Characterizing Antibody Cross-reactivity for Immunoaffinity Purification of Analytes prior to Multiplexed Liquid Chromatography-Tandem Mass Spectrometry

BACKGROUND: Immunoassays for 1 alpha,25-dihydroxyvitamin D [1 alpha,25(OH)(2)D] lack analytical specificity. We characterized the cross-reactivity of an anti-1 alpha,25(OH)(2)D antibody with purified vitamin D metabolites and used these data to map the chemical features of 1 alpha,25(OH)(2)D that are important for antibody binding. Additionally, we hypothesized that when combined with isotope-dilution liquid chromatography-tandem mass spectrometry (LC-MS/MS), antibody cross-reactivity could be used to semiselectively enrich for structurally similar metabolites of vitamin D in a multiplexed assay. METHODS: Sample preparation consisted of immunoaffinity enrichment with a solid-phase anti-1 alpha,25(OH)(2)D antibody and derivatization. Analytes were quantified with LC-MS/MS. Supplementation and recovery studies were performed for 11 vitamin D metabolites.

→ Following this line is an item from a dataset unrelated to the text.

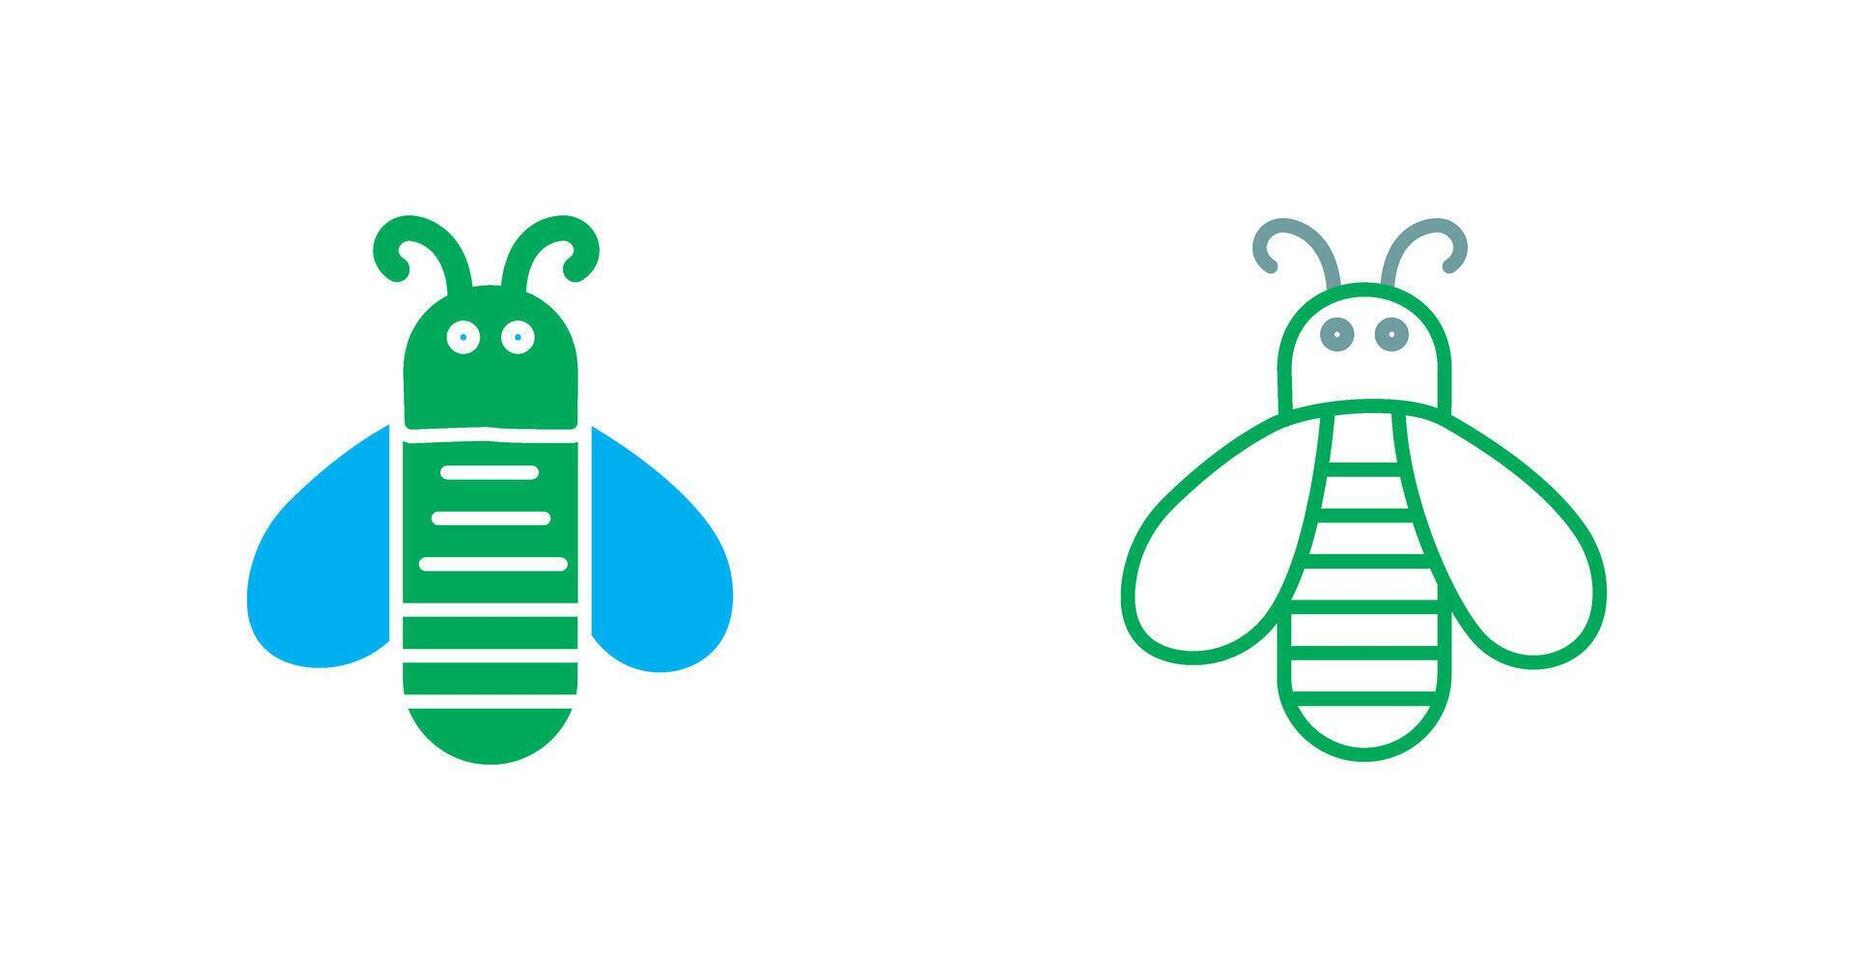 conception d'icône d'abeille vecteur
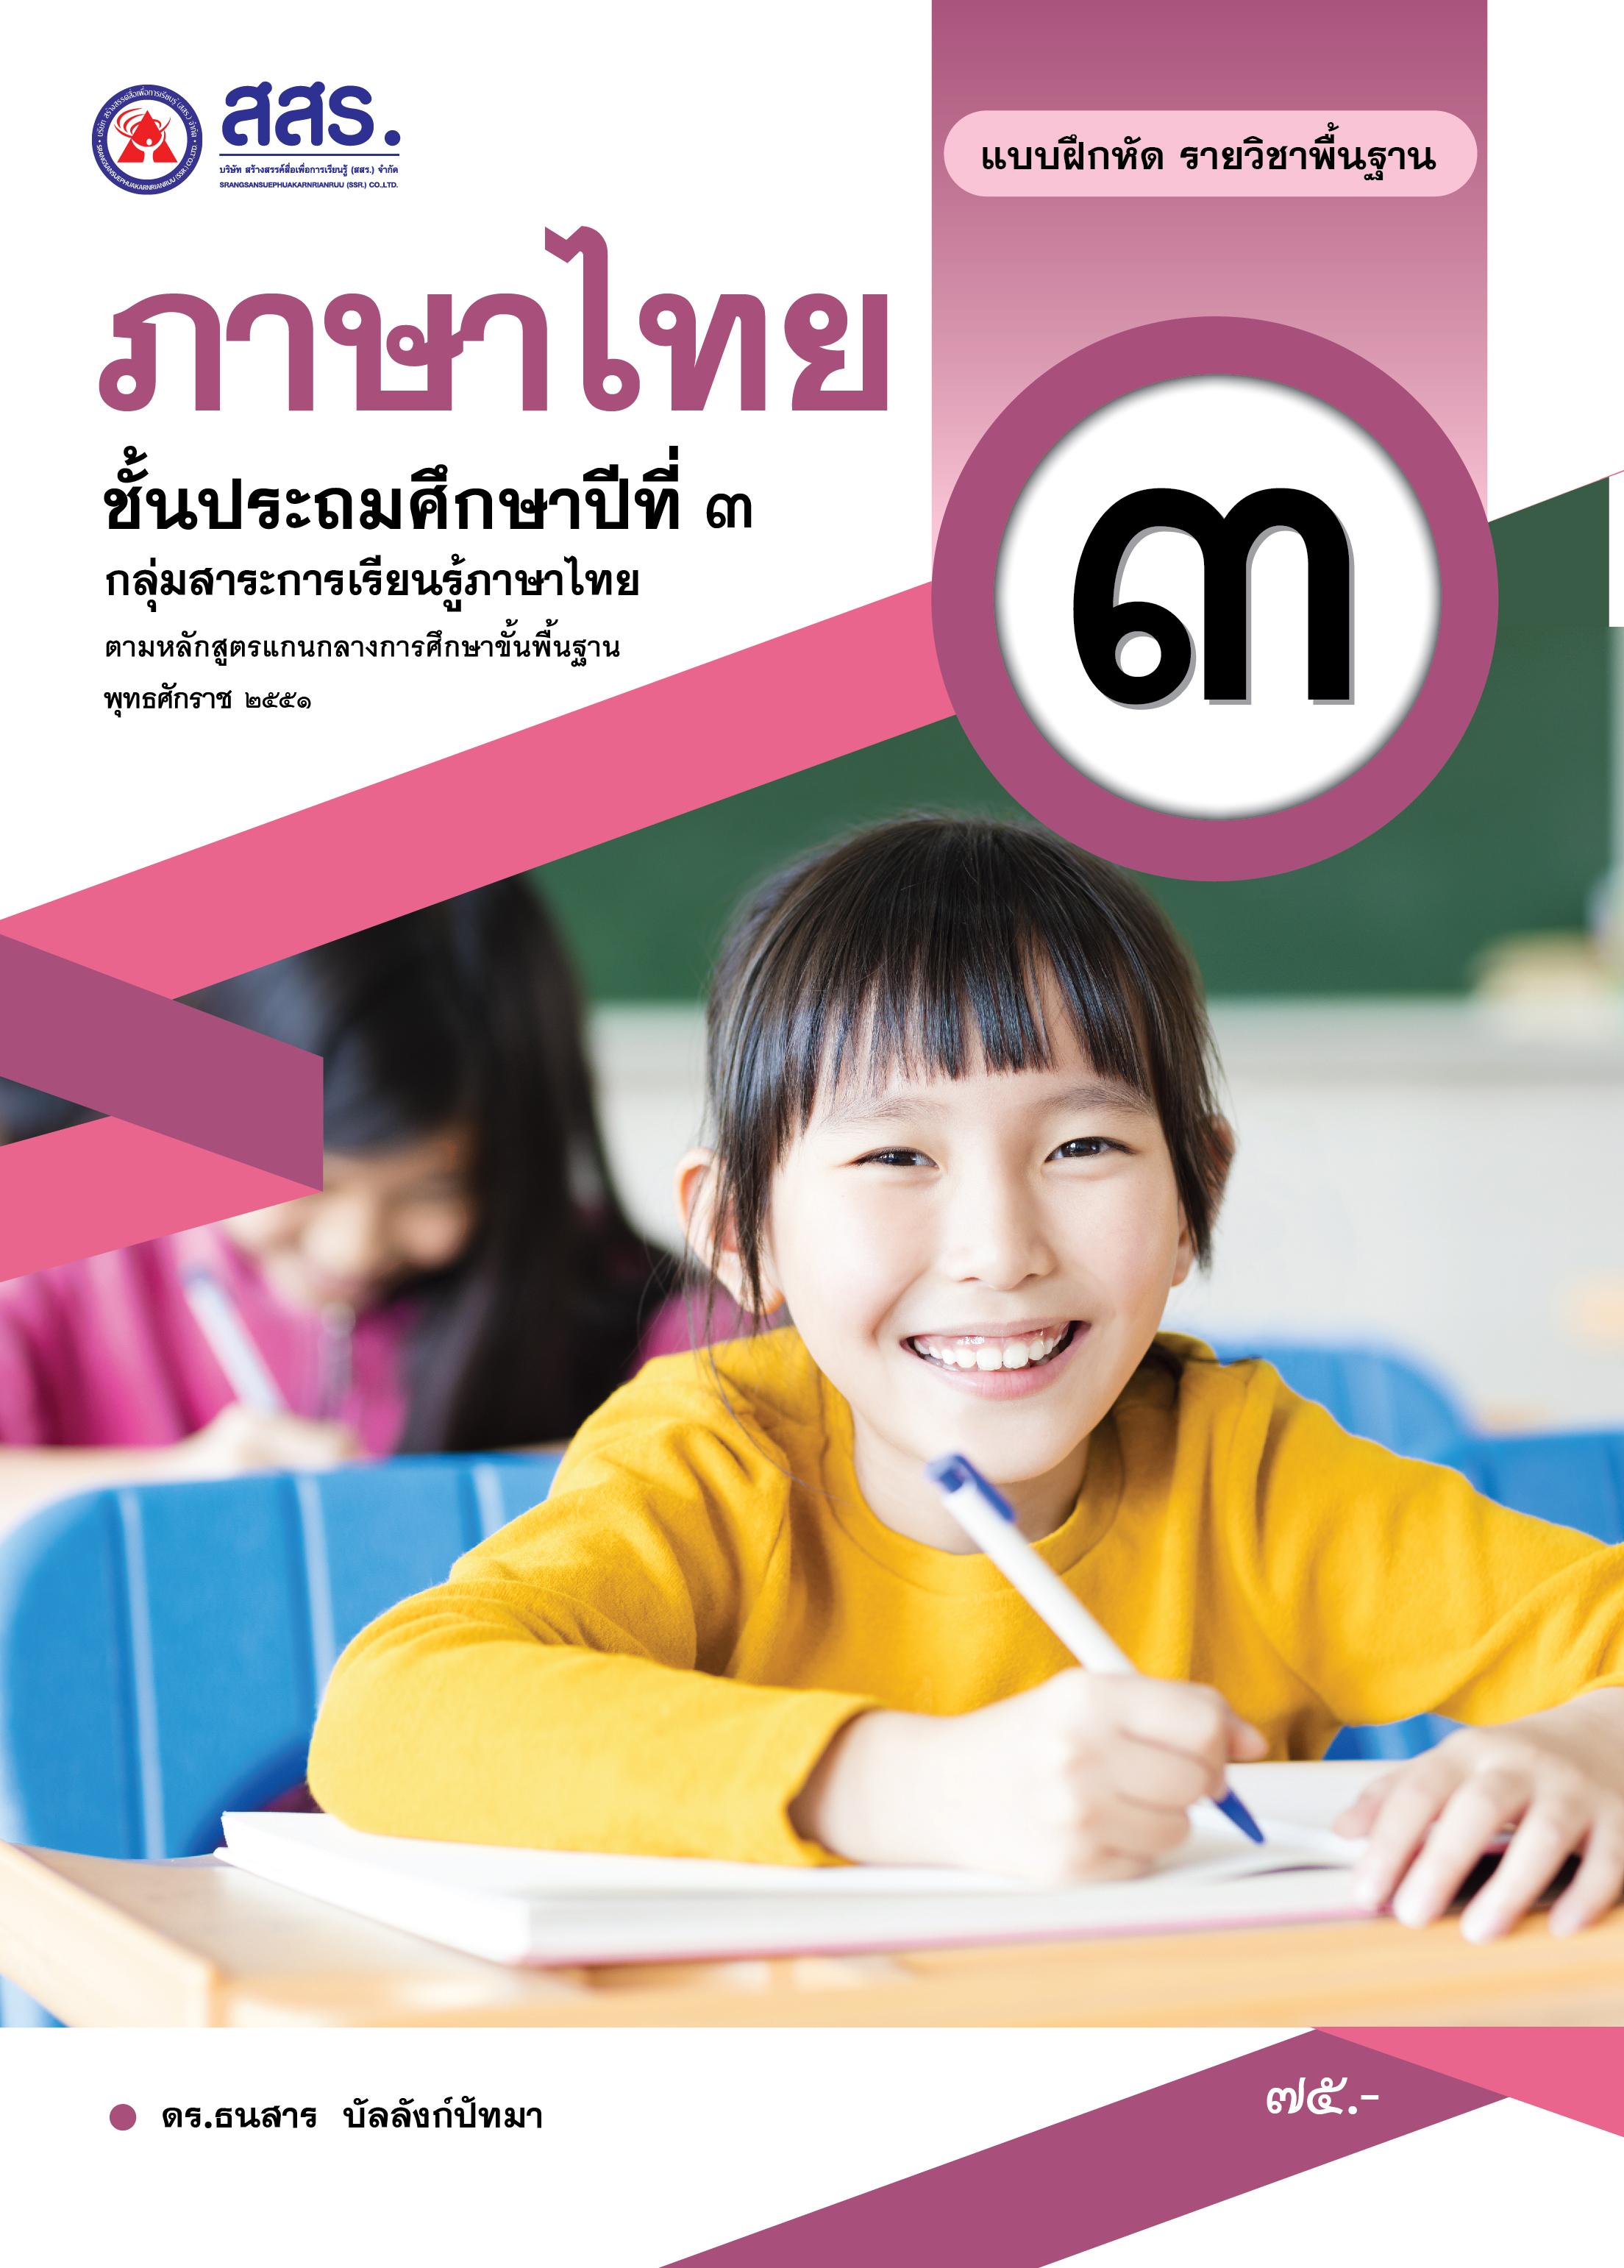 แบบฝึกหัดรายวิชาพื้นฐาน ภาษาไทย ชั้นประถมศึกษาปีที่ 3 (ฉบับใบอนุญาตฯ)

We developed a method for simultaneously quantifying 25(OH)D-2, 25(OH)D-3, 24,25(OH)(2)D-3, 1 alpha,25(OH)(2)D-2, and 1 alpha,25 (OH)(2)D-3 that included deuterated internal standards for each analyte. RESULTS: The important chemical features of vitamin D metabolites for binding to the antibody were (a) native orientation of the hydroxyl group on carbon C3 in the A ring, (b) the lack of substitution at carbon C4 in the A ring, and (c) the overall polarity of the vitamin D metabolite. The multiplexed method had lower limits of quantification (20% CV) of 0.2 ng/mL, 1.0 ng/mL, 0.06 ng/mL, 3.4 pg/mL, and 2.8 pg/mL for 25(OH)D-2, 25(OH)D-3, 24,25(OH)(2)D-3, 1 alpha,25(OH)(2)D-2, and 1 alpha,25 (OH)(2)D-3, respectively. Method comparisons to 3 other LC-MS/MS methods yielded an r(2) value >0.9, an intercept less than the lower limit of quantification, and a slope statistically indistinguishable from 1.0. CONCLUSIONS: LC-MS/MS can be used to characterize antibody cross-reactivity, a conclusion supported by our multiplexed assay for 5 vitamin D metabolites with immunoenrichment in a targeted metabolomic assay.